For his part, Howard doesn't think he's doing anything illegal. He scoffed at the notion that he benefitted from any three-second non-calls. When asked about it during the post-game press conference, he shook his head incredulously and said the following:
"An advantage? The series is tied 2-2; I don't think there's an advantage to me being in the paint the whole series. I've been doing the same thing the whole series. And I'm not going to complain about anything."
After the game, Howard and Lewis downplayed the significance of the team's not crossing the 100-point threshold since the game against Cleveland. Howard, regarding his team's offense:
"We can't really focus on scoring 100 points [....] Our main focus right now is to get back on defense."

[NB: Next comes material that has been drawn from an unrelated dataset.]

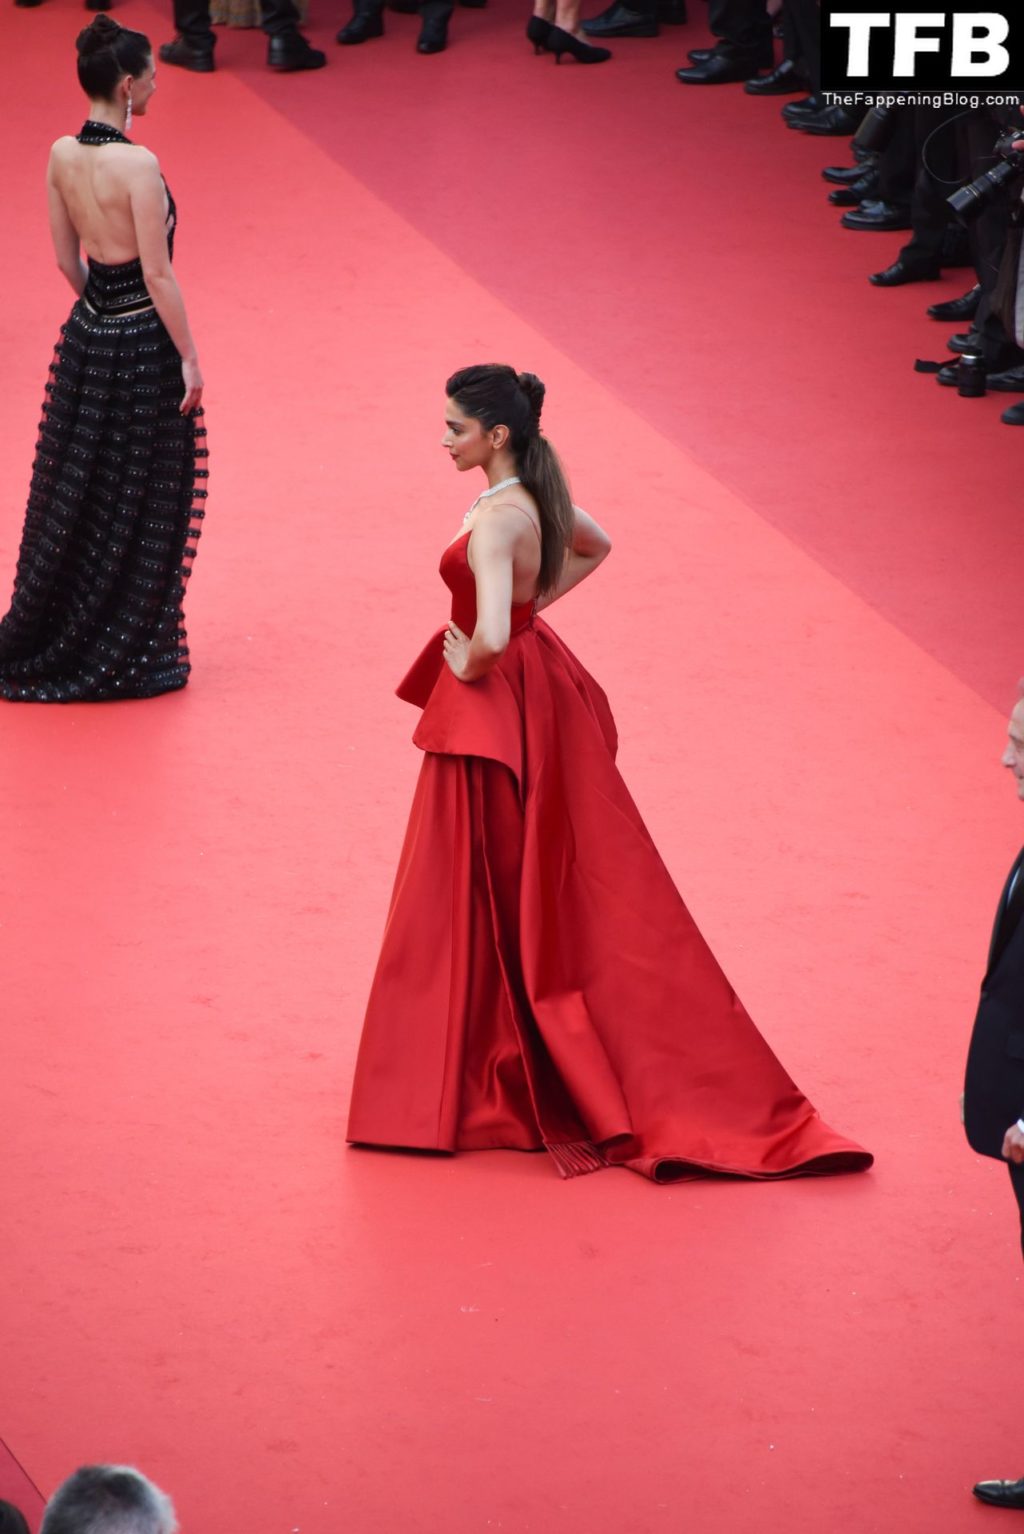 Deepika Padukone Sexy The Fappening Blog 24 1024x1534 - Deepika Padukone Looks Beautiful in a Red Dress During the 75th Annual Cannes Film Festival (150 Photos)

Lewis agreed, saying the following when asked about the keys to Game 6:
"The defense will be very key [....] we have to get back, rebound, and defend."
For the most part, Orlando did those things well tonight:
Fast break points allowed: 12
Rebounding: Magic 45, 76ers 33
Defense: 95.1 points allowed per 100 possessions
One gets the impression that if the Magic play with the same intensity level Thursday night as they did tonight, they'll punch their tickets to the second round shortly.
However, they may not have the services of Howard or Courtney Lee. Howard deliberately elbowed Dalembert early in the game, earning a technical foul, and there's currently a well-reasoned debate that the league will suspend him for Game 6. Lee was another victim of Howard's elbows, catching one in the face as Howard came over for an attempted shot-block. Coach Stan Van Gundy:
He's getting another CAT scan and we will not know until after that.
Van Gundy added that he does not know who he'll start in Lee's place if Lee is unavailable for Game 6, and even if he did, he would not tell the media.